With this snowy, white backdrop, the number of alarmed callers Searles consoles has quadrupled, but, he said, the coyote population has not.

For many, it is a familiar story: Out for an evening walk to enjoy the fresh mountain air, guided by the light of the moon reflecting on the snow. The hair stands up on the back of your neck and you realize you’re being followed. Looking back, you realize it’s only a dog.

But it’s not your dog, and it’s not your neighbors’ dog. It’s a coyote. The fight-or-flight instinct flicks on. You clap your hands and yell. The coyote trots away. You finish your walk and return home with an exciting wildlife encounter to share with your family around the fireplace.

This is the gist of many coyote encounters, Searles said.

“I think sometimes it’s curiosity. Sometimes it’s the pets we’re traveling with, other dogs that they’re looking at. But of all the calls I’ve taken, I can’t think of a single time [a coyote] has caused harm to people.”

Searles said he has people call and ask him all the time what they should do about coyote encounters. His response:

“Enjoy it! I think it’s a blessing to see the wildlife. I think it makes our days better, not worse. I’m kind of a clearinghouse for all calls,” Searles said.

He said he can happily be reached at 760-937-BEAR.

If approached by a coyote, Searles said, “Make loud noises; if you’re on skis or have poles, bang them together.”

He said he’s not trying to ignore the community’s concern over the presence of coyotes. It’s true that their natural food sources are limited this time of year, so they will venture into town looking for scraps.

Searles offered a checklist for wildlife awareness: keep pet food inside and lock dumpsters, just as residents and visitors already do to ward off bear problems. Keep an eye on small pets. Use good judgment and stay aware of your surroundings: yell, clap, and scare off wildlife that gets too close. But also, remember that we live in a wild and natural place, so enjoy it.

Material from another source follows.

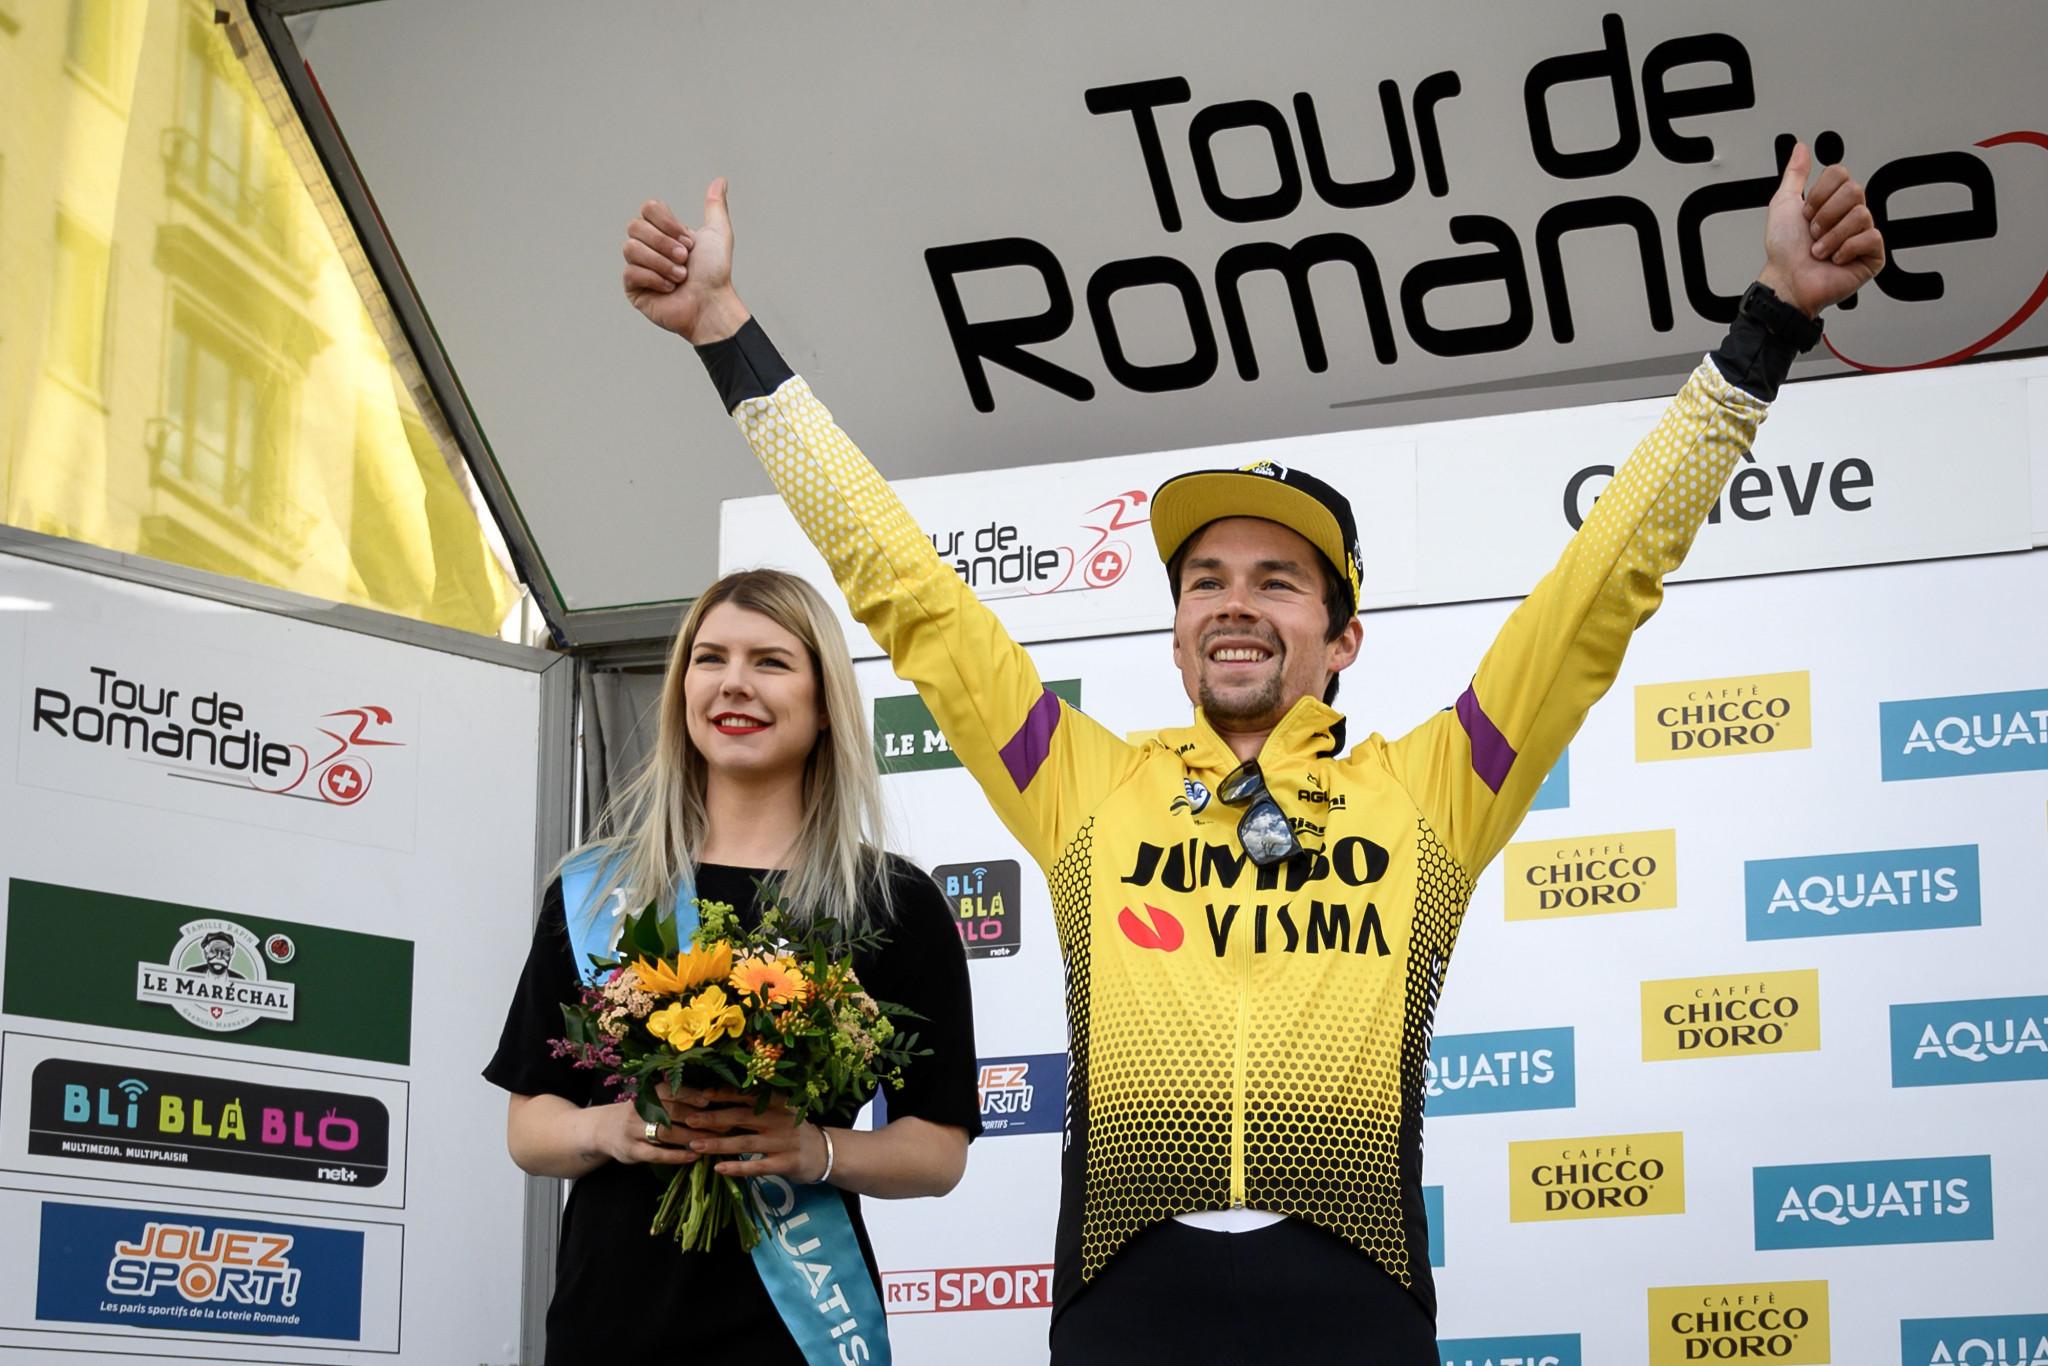 Slovenia's Primož Roglič sealed a second successive overall victory at the Tour de Romandie ©Getty Images

Searles said he is optimistic about the town’s relationship with wildlife. In the old, old days, he said, “we really had an overpopulation [of coyotes], and many of them were culled off. We’ve never gotten back to those numbers.”

He said he credits public education and increased awareness: due to the “community’s incredible efforts with solid waste management [trash].”

A healthy population, he said, limited by natural resources and not artificially inflated by access to human food, is ultimately healthier and safer, namely for residents’ own furry companions.

 “The public continues to do a great job,” he said, “not just with the bears, but with deer, cougar, raccoon, coyote; everything is better off … I’m so proud of the people of my community.”